Implantar o Plano Estrutura de Redes de Telecomunicações – PERT, aprovado pela Anatel, impõem uma política de incentivos aos pequenos provedores para ampliação e melhoria das redes para as escolas públicas urbanas e mesmo rurais. Ir além da infraestrutura, qualificando tecnologicamente a escola na gestão e manutenção dos sistemas, mas principalmente na produção de novos conteúdos pedagogicamente adaptados às novas tecnologias
Uma segunda estratégia para uma Transformação Digital Inclusiva seria via radiodifusão pública. Até 2016, o governo federal implementou planos nacionais de outorgas (PNOs) voltados à expansão do rádio e da TV educativas, com forte ênfase em emissoras mantidas por instituições de ensino. Temer e Bolsonaro não deram continuidade às outorgas e várias emissoras não foram instaladas. Em março de 2020, o MCTI até instituiu um comitê de crise, o “Rede Conectada”, para acompanhar os efeitos da pandemia (Portaria 1.153/2020), mas, na verdade, nada de concreto aconteceu.

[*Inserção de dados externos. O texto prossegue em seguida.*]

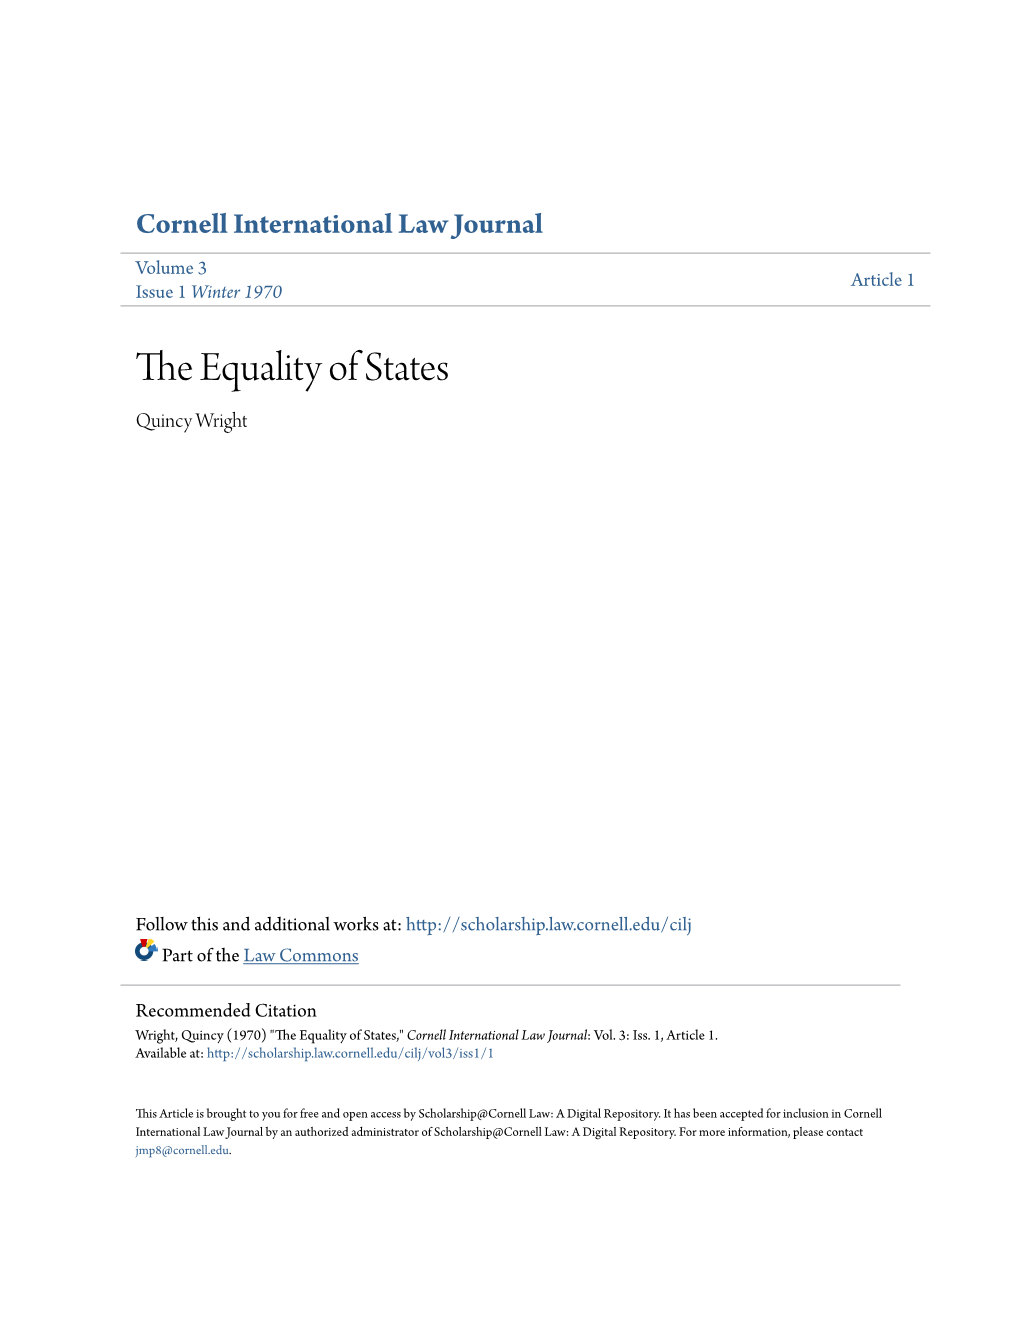 The Equality of States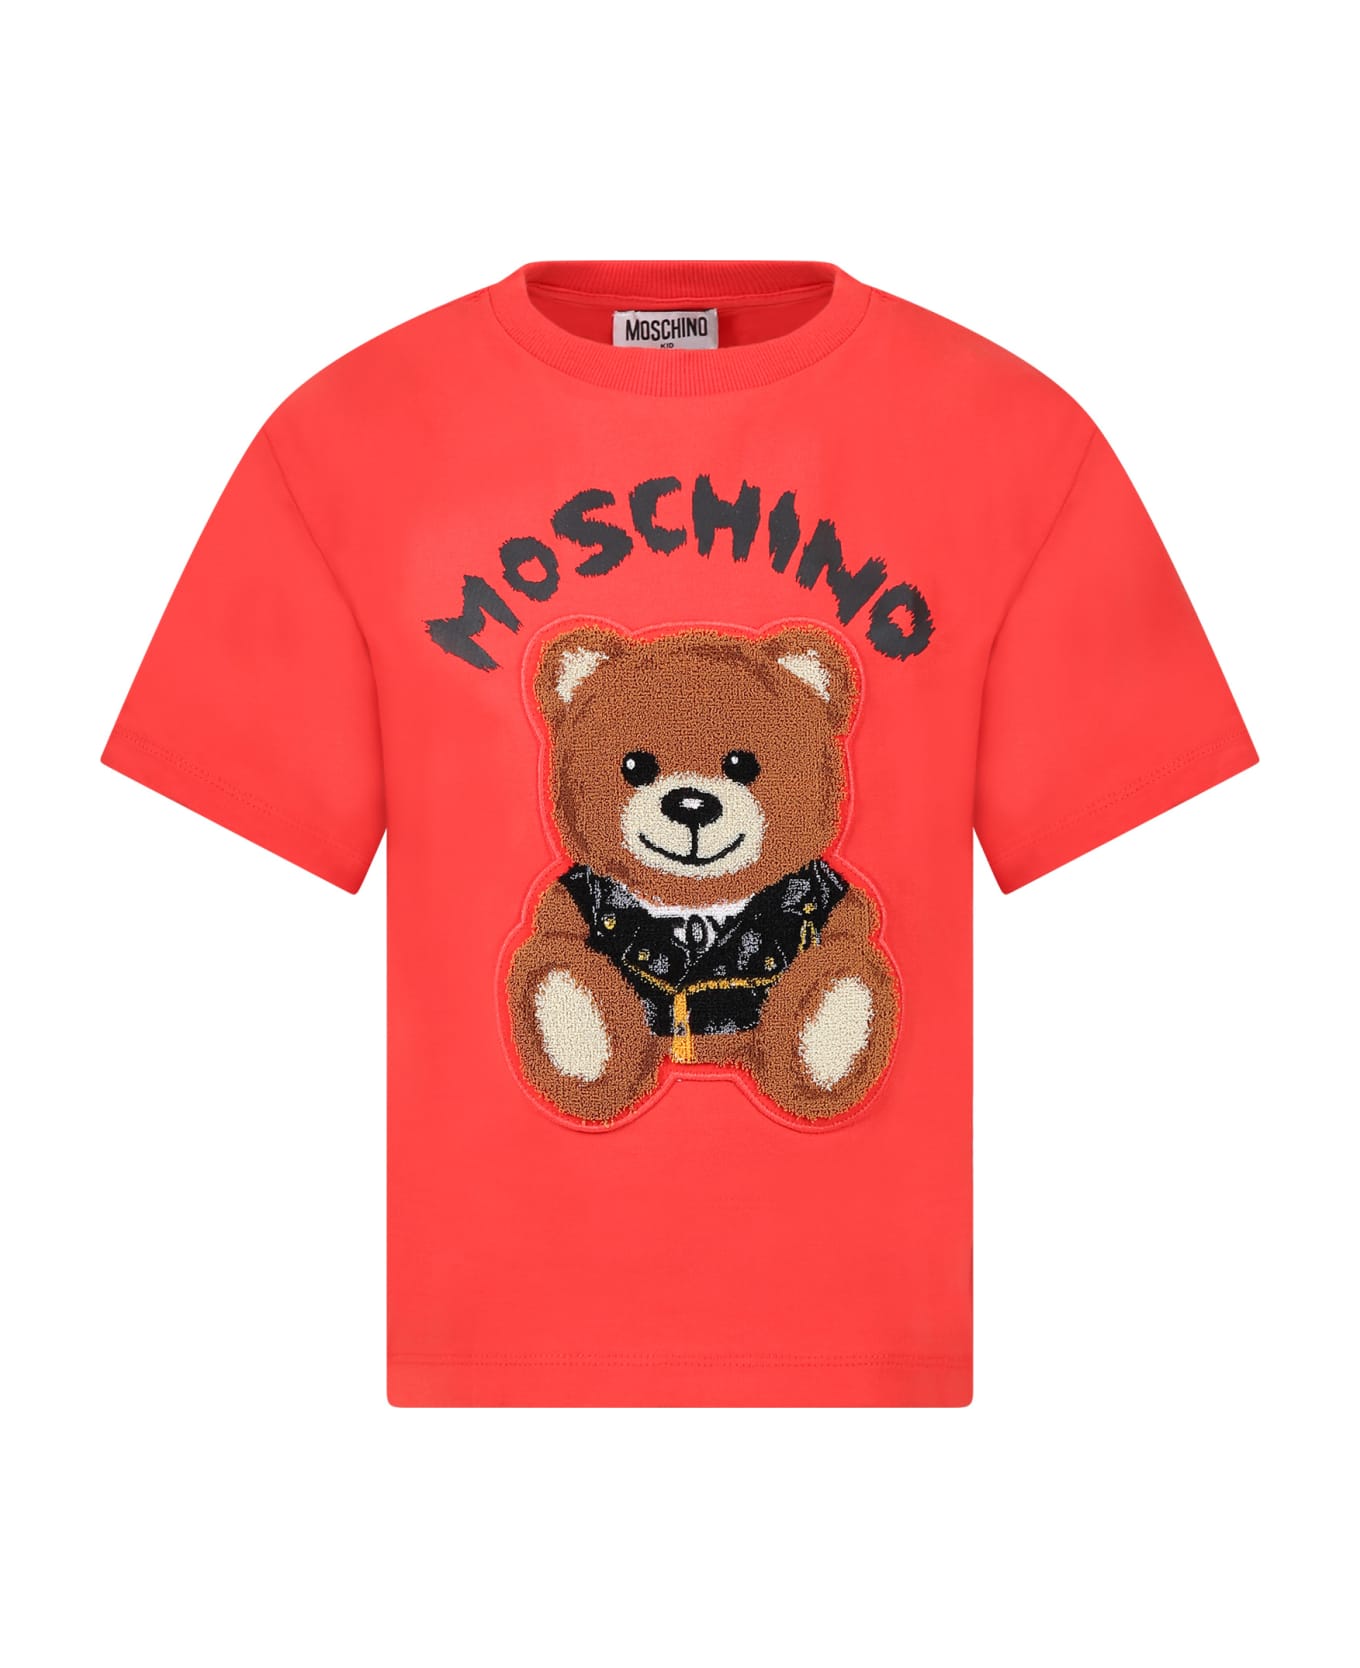 Moschino Red T-shirt For Kids With Logo And Teddy Bear - Red

Em relação à Economia de Dados, o cenário é ainda pior. O governo brasileiro não tem nenhuma estratégia para beneficiar o País. Adota medidas erráticas, contraditórias e busca agradar servilmente os interesses dos Estados Unidos da América. Mesmo com a tardia aprovação da Lei Geral de Proteção de Dados Pessoais (LGPD) - conquistada graças à atuação da sociedade civil e de setores progressistas do Parlamento -, a visão neoliberal radical do governo Bolsonaro faz afagos às transnacionais de TIC, facilita suas práticas de captura de dados em território nacional e de envio de informações para data center localizados no exterior e permite a criação de bases de dados que alimentam sistemas de Big Data e de Inteligência Artificial que podem, inclusive, atentar contra nossa democracia, como vimos com o episódio das fake news nas eleições de 2018.
Não há, neste governo, qualquer estratégia aparente para reduzir os riscos que o novo cenário - que pode ser resumido em uma concentração ainda maior de poder econômico por parte de pouquíssimas empresas que atuam para além de nossas fronteiras e de nossa legislação - traz consigo, como é o exemplo da precarização das relações de trabalho por aplicativos. Também não há qualquer preocupação com a defesa da soberania nacional: nossas estatais tornam-se, na prática, revendas de produtos de corporações coletoras de dados ou então entregam informações a essas empresas graciosamente, por meio de uso irresponsável de serviços de computação em nuvem, informações sensíveis e confidenciais, que antes exigiriam um brutal esforço de espionagem industrial para serem obtidas.
Os dados pessoais, como muito se tem dito, são considerados o “novo petróleo”. Garantir a proteção dos cidadãos e cidadãs é fundamental. Ainda que a LGPD possa ser considerada uma legislação bastante avançada (mas não ideal), o desenho proposto pelo governo para a Autoridade Nacional de Proteção de Dados (ANPD), nela prevista, pode torná-la praticamente inócua. A autoridade nacional, que está em vias de ser implementada, apresenta uma estrutura extremamente enfraquecida, impermeável à sociedade civil e sem qualquer autonomia em relação ao poder executivo. Nessa medida, lidando com tema estratégico ao país, a ANPD, no desenho apresentado, não terá capacidades mínimas para dar conta dos enormes desafios já postos e dos que ainda virão.